Data excerpt:
# # # #
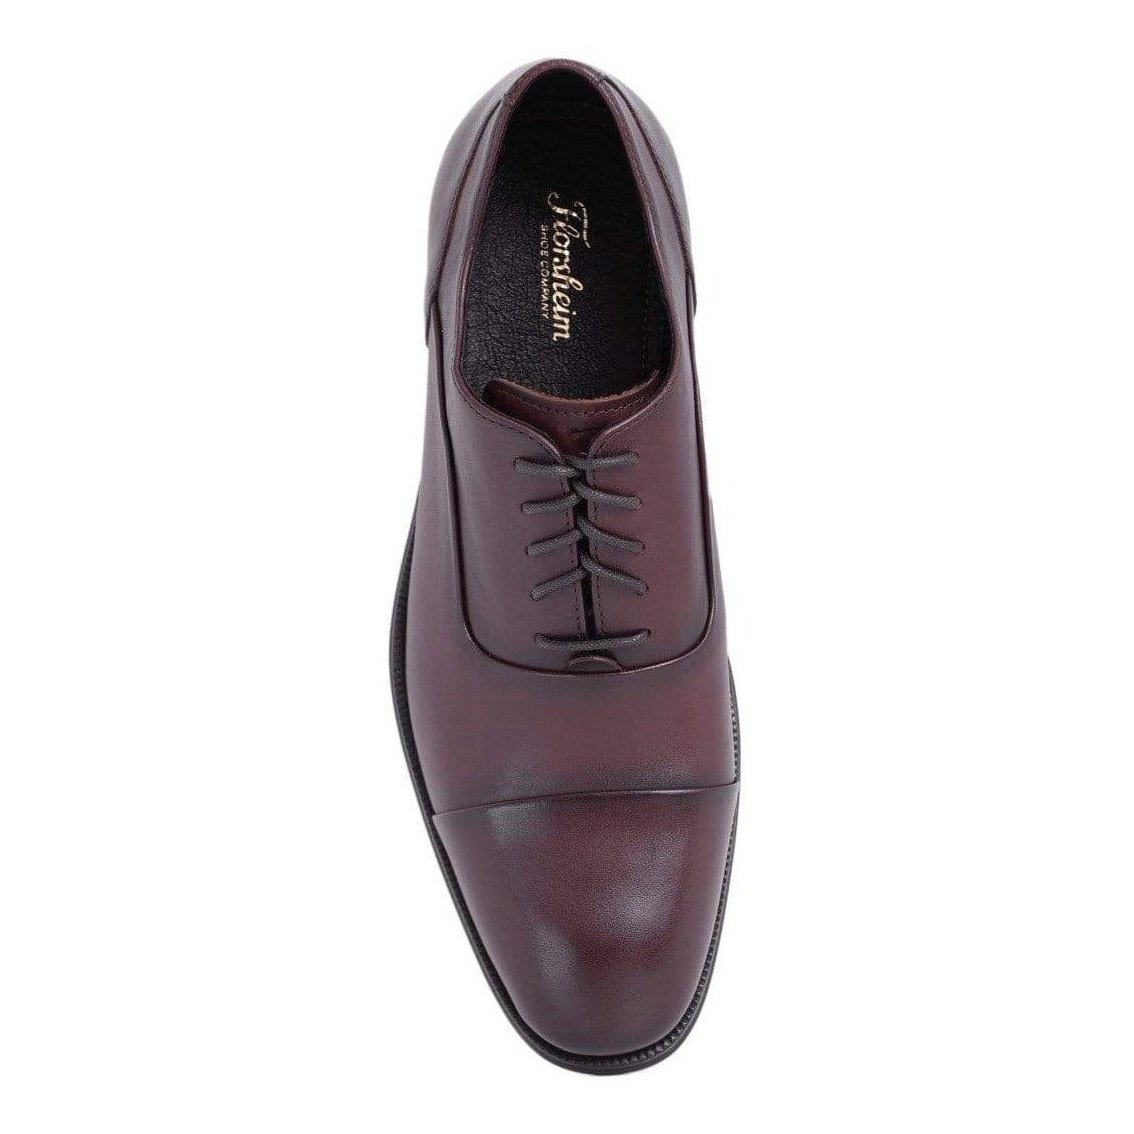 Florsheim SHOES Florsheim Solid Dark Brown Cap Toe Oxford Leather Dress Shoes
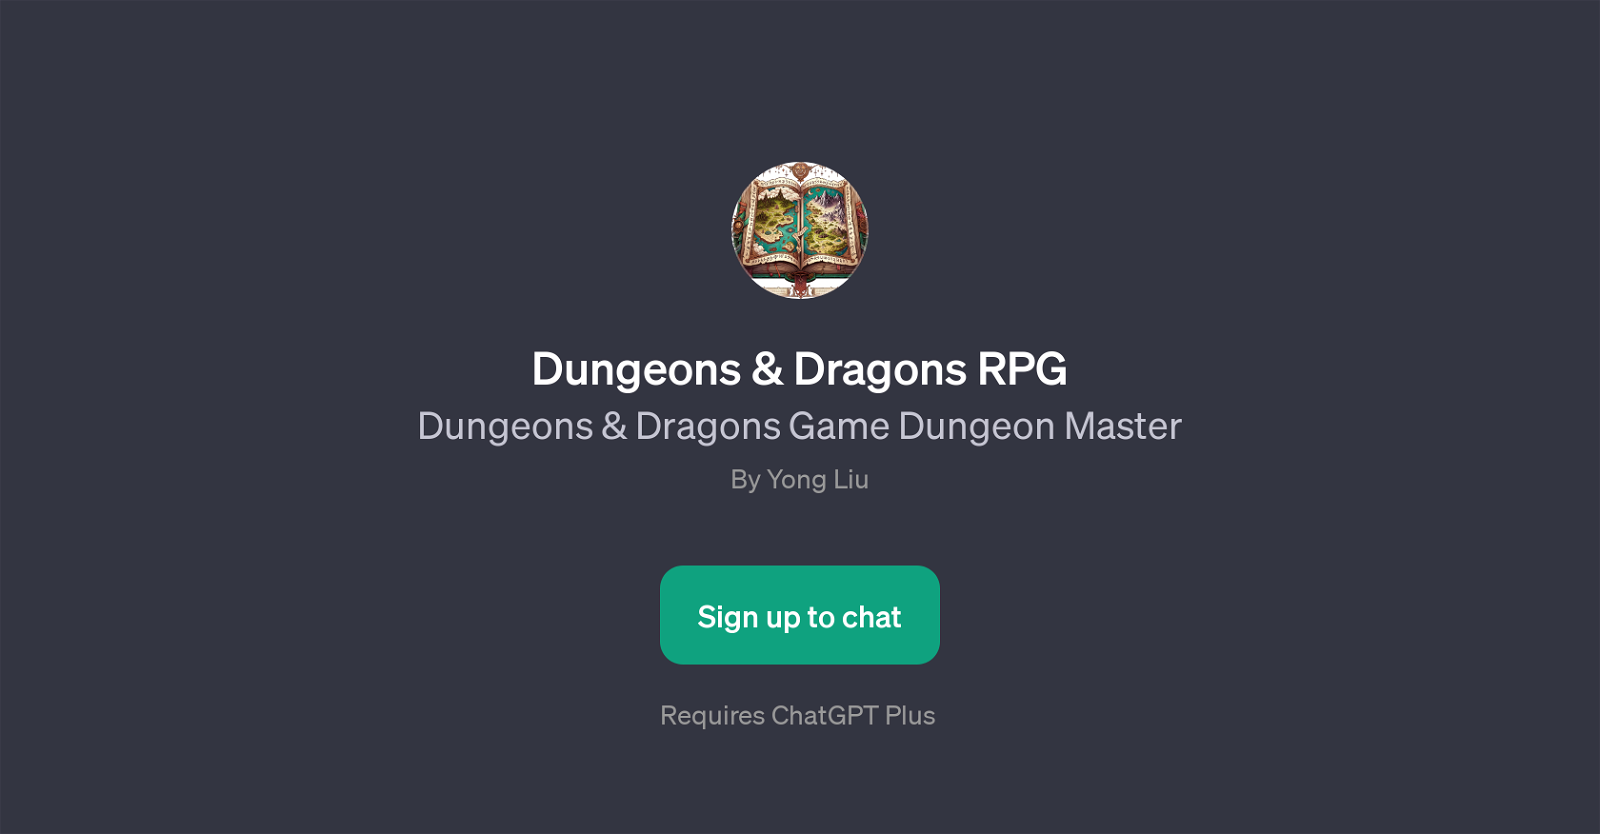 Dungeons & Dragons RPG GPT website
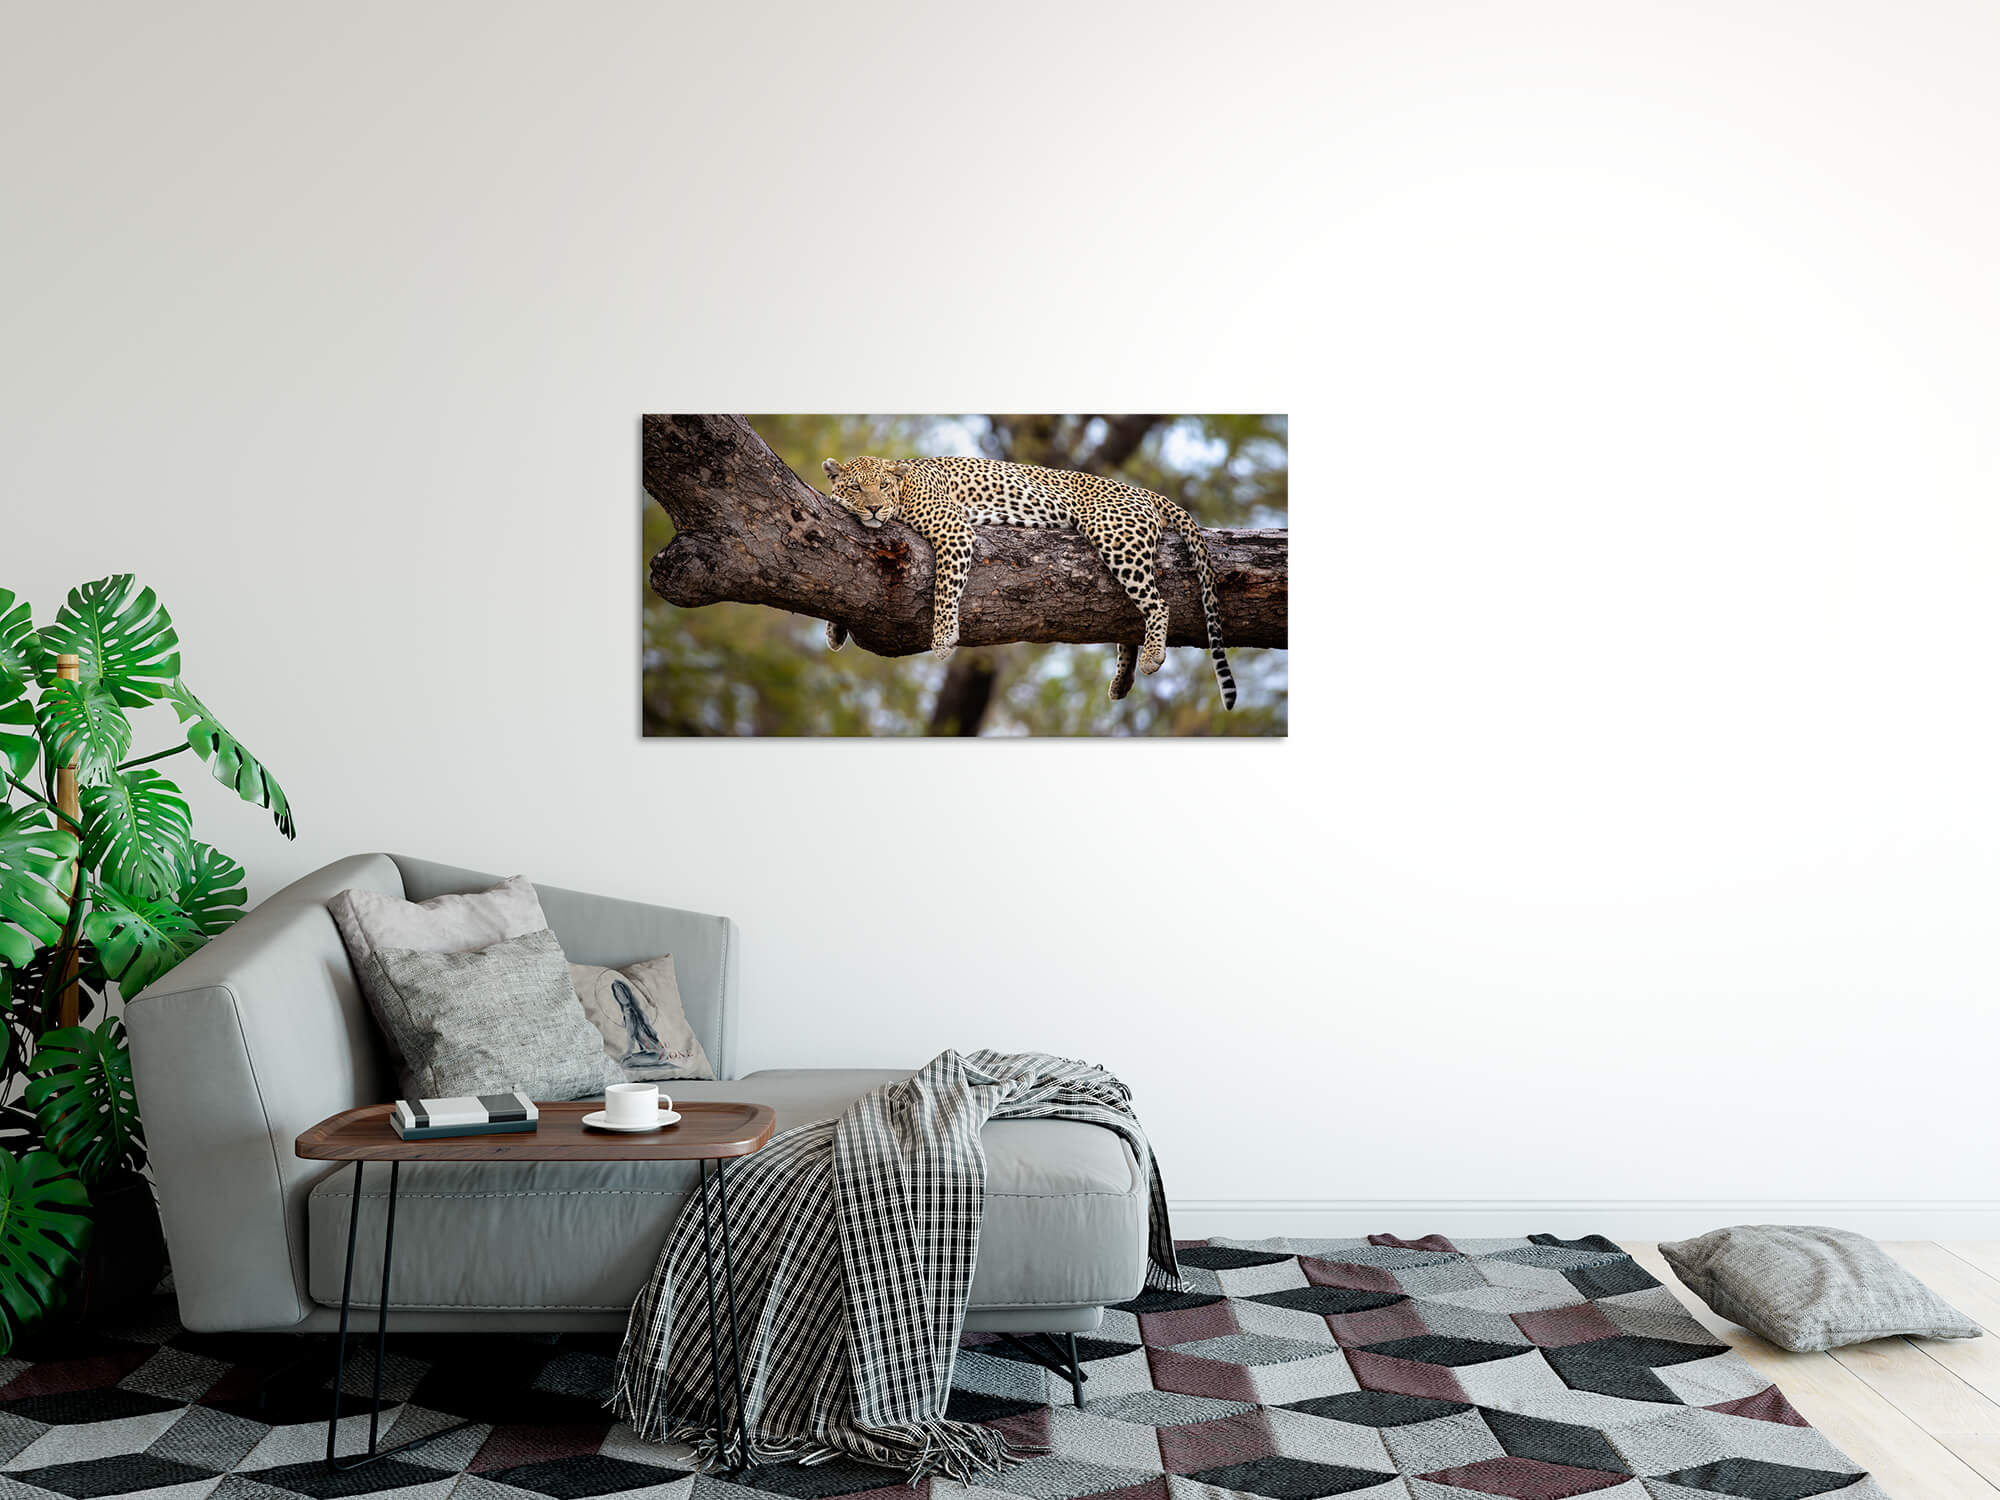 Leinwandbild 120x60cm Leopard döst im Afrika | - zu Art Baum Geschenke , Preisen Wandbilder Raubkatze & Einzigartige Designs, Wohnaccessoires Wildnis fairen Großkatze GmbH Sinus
# # # #
About this exercise: Please output each line above exactly and omit all images.

Response:
 Florsheim SHOES Florsheim Solid Dark Brown Cap Toe Oxford Leather Dress Shoes
 Dungeons & Dragons RPG GPT website
 Leinwandbild 120x60cm Leopard döst im Afrika | - zu Art Baum Geschenke , Preisen Wandbilder Raubkatze & Einzigartige Designs, Wohnaccessoires Wildnis fairen Großkatze GmbH Sinus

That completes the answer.